There are several ways to read the data of a file, and we will see two of them:
* Iteratively with a `for`-loop
* As a whole with the `read()` method

## Read with a `for`-loop

_File_ objects are their own iterators, and their "elements" are their lines. Iterating a _File_ object with a _for_ loop will ieterate the lines of the file. Note that the lines include the "\n" at the end of each line (therefore the double-space print).

In [7]:
fname = "example.txt"
line_counter = 1

with open(fname) as f:
    for line in f:
        print(line_counter, ":", line)
        line_counter += 1
    print("Done reading the file!")

1 : This is the first line.

2 : This is the second line.

3 : This is the third and last line.
Done reading the file!


In [4]:
fname = "example.txt"

with open(fname) as f:
  lines = list(f)

In [5]:
lines

['This is the first line.\n',
 'This is the second line.\n',
 'This is the third and last line.']

> **Note:** Why are there double spaces in the output in the example above?

## Read with _read()_

This method is the most simple one, as it simply reads the entire content of the file into a single string.

In [18]:
fname = "example.txt"

with open(fname) as f:
    text = f.read()

In [19]:
text

'This is the first line.\nThis is the second line.\nThis is the third and last line.'

In [None]:
text.split("\n")

> **Your turn:** Read the file "players.txt". Can you tell how many lines does it have?

### Solution

In [10]:
open?

In [11]:
with open("players.txt") as players_file:
    line_count = 0
    for line in players_file:
        line_count +=1

line_count

7

In [14]:
with open("players.txt") as players_file:
  text = players_file.read()
  line_count = text.count("\n")

line_count

6

# Writing

### Writing methods

Similarly to `read()`, there is `write()` for writing. `write()` expects a single string and writes it directly to the file. `write()` automatically creates a new file if required, and overwrites the content of the file if it already exists.

In [20]:
fname = "example.txt"

str1 = "I. This is the first line."
str2 = "II. This is the second line."
str3 = "III. This is the third and last line."

In [24]:
with open(fname, 'w') as f:
    f.write(str1 + '\n')
    f.write(str2 + '\n')
    f.write(str3)

In [25]:
lines = [
    f"{str1}\n",
    f"{str2}\n",
    f"{str3}\n"
]

print(lines)

with open(fname, 'w') as f:
  f.writelines(lines)
  # Same as:
  # for line in lines:
  #   f.write(line)

['I. This is the first line.\n', 'II. This is the second line.\n', 'III. This is the third and last line.\n']


### Writing modes

In standard writing mode, indicated by 'w', a new file will be created and an existing file will be overwritten.

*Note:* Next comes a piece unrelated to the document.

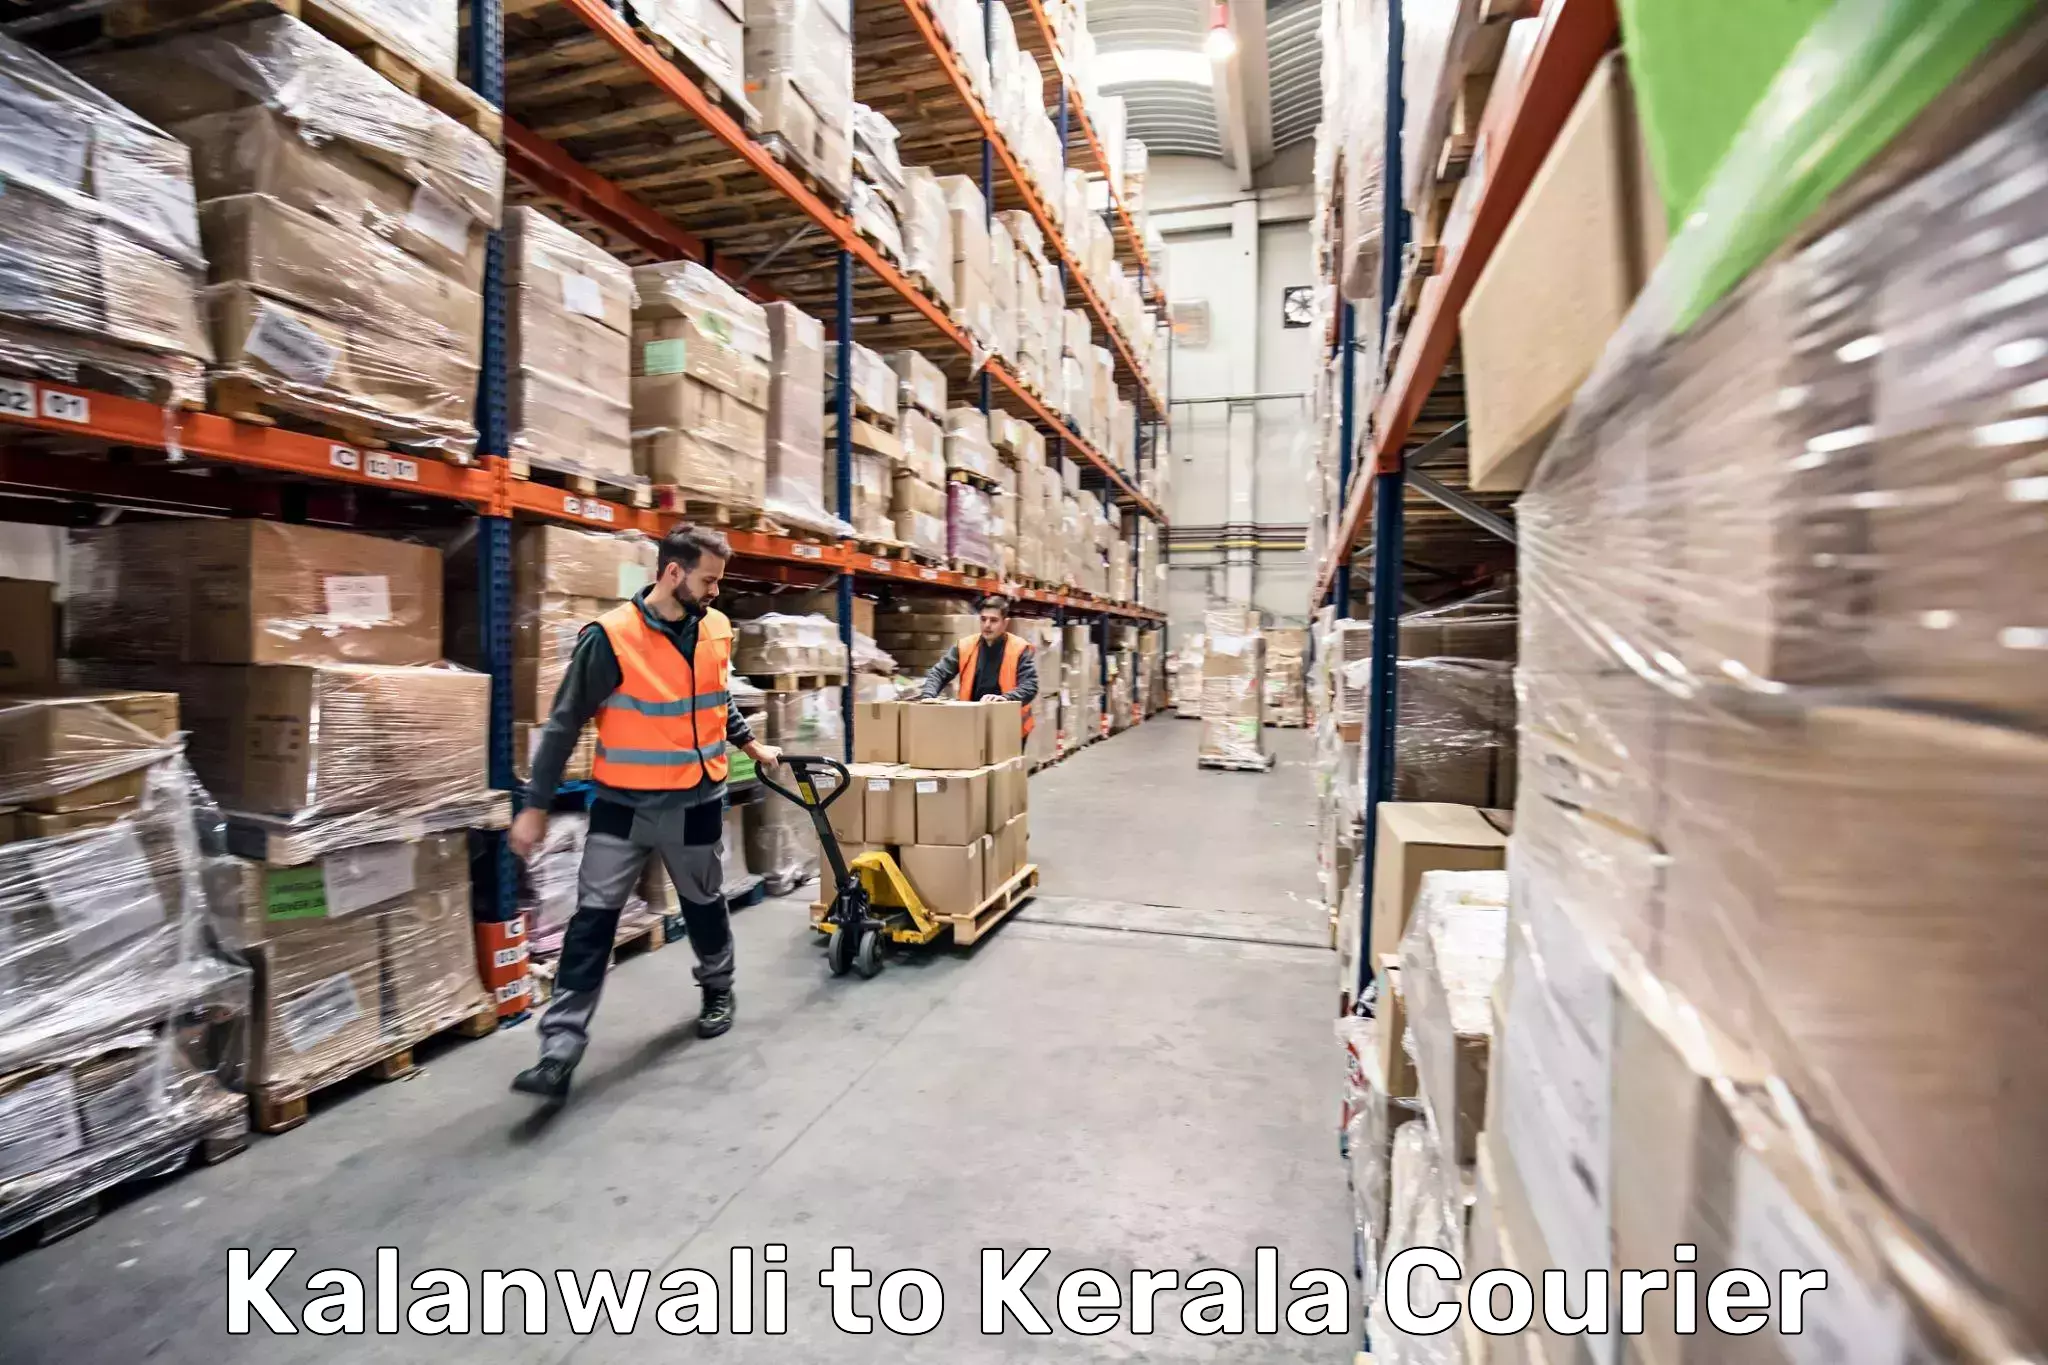 Baggage shipping quotes Kalanwali to Perinthalmanna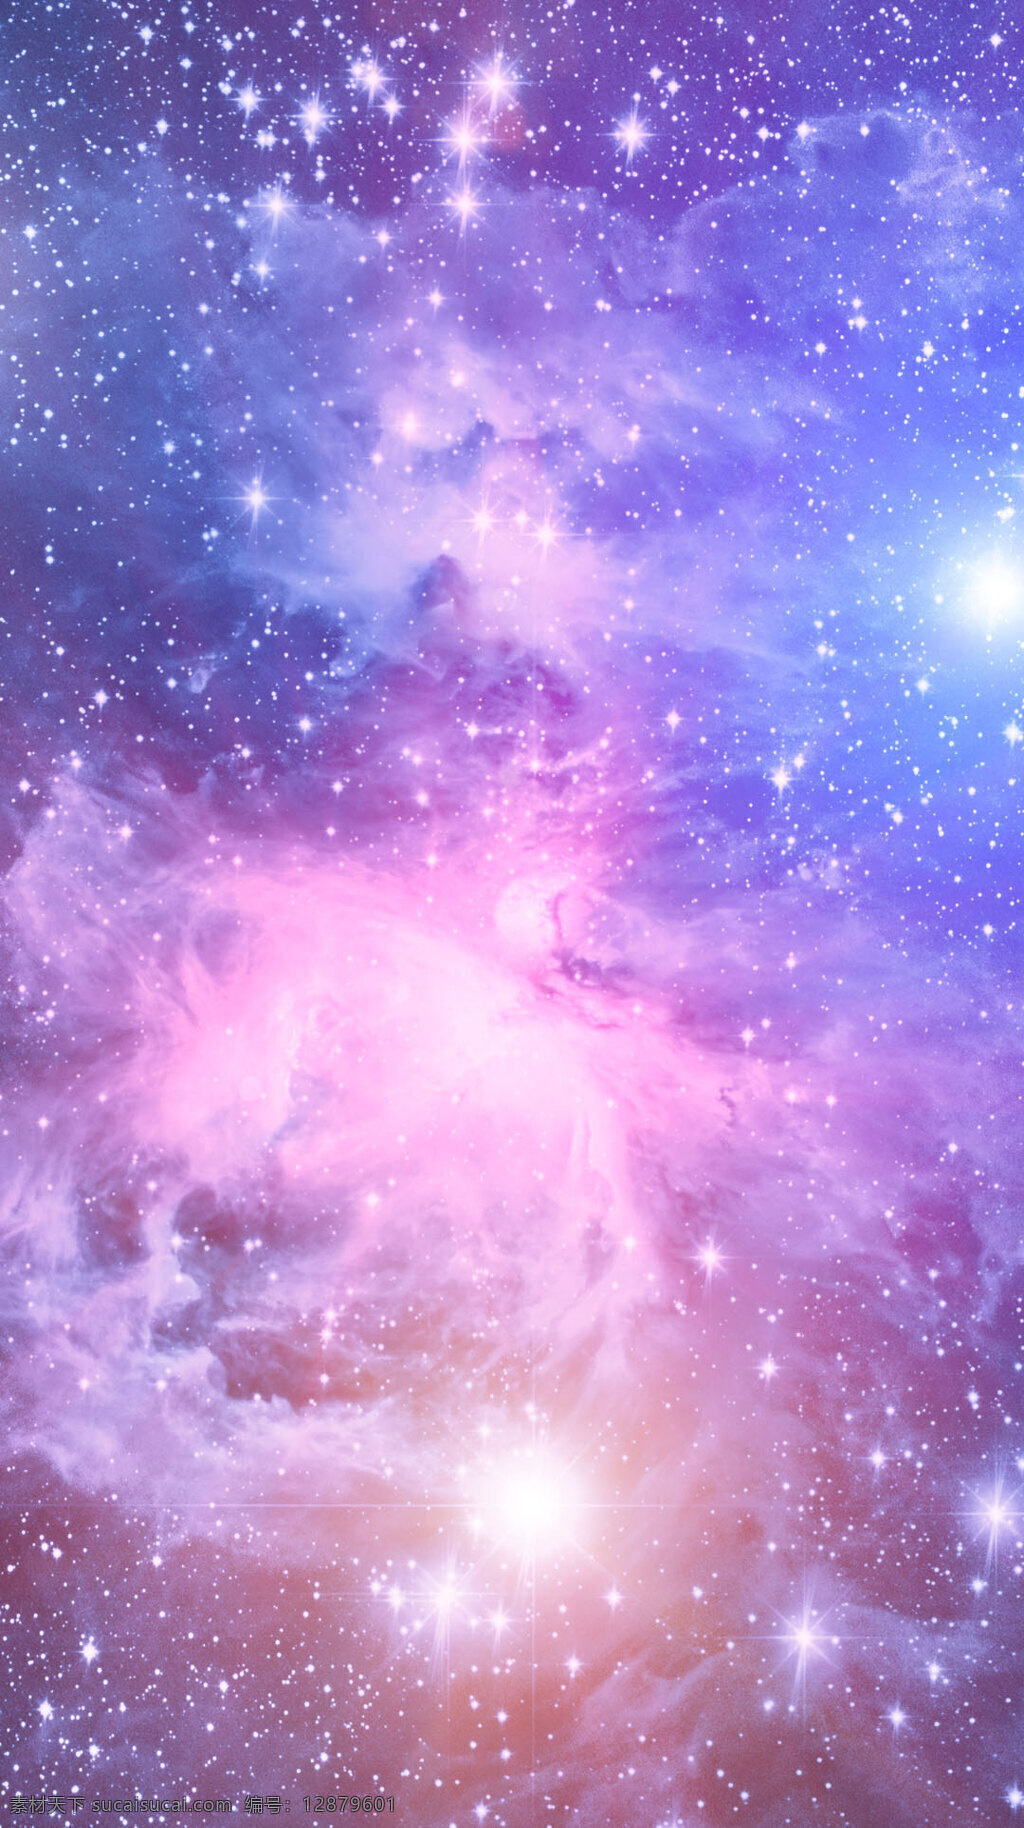 紫色 梦幻 星空 h5 背景 背景素材 唯美 银河 宇宙 底图 底纹 幻想 闪耀 星星 耀眼 艺术文艺类

Compare the example above with the following:

In [29]:
with open(fname, 'w') as f:
    f.write(str1 + '\n')

with open(fname, 'w') as f:
    f.write(str2 + '\n')

with open(fname, 'w') as f:
    f.write(str3)

Testing...

In [27]:
with open(fname, 'r') as f:
    print(f.read())

III. This is the third and last line.


If we want to append the data to what is already in the file, then we should use the append mode, indicated by 'a'.

In [31]:
with open(fname, 'w') as f:
    f.write(str1 + '\n')

with open(fname, 'a') as f:
    f.write(str2 + '\n')

with open(fname, 'a') as f:
    f.write(str3)

Testing...

In [None]:
with open(fname, 'r') as f:
    print(f.read())

In [32]:
import os

In [33]:
os.listdir()

['.config', 'word length.txt', 'example.txt', 'players.txt', 'sample_data']

## Additional notes

* Many other file-related functionalities (copy, remove, delete, existence, etc.) are available in other modules.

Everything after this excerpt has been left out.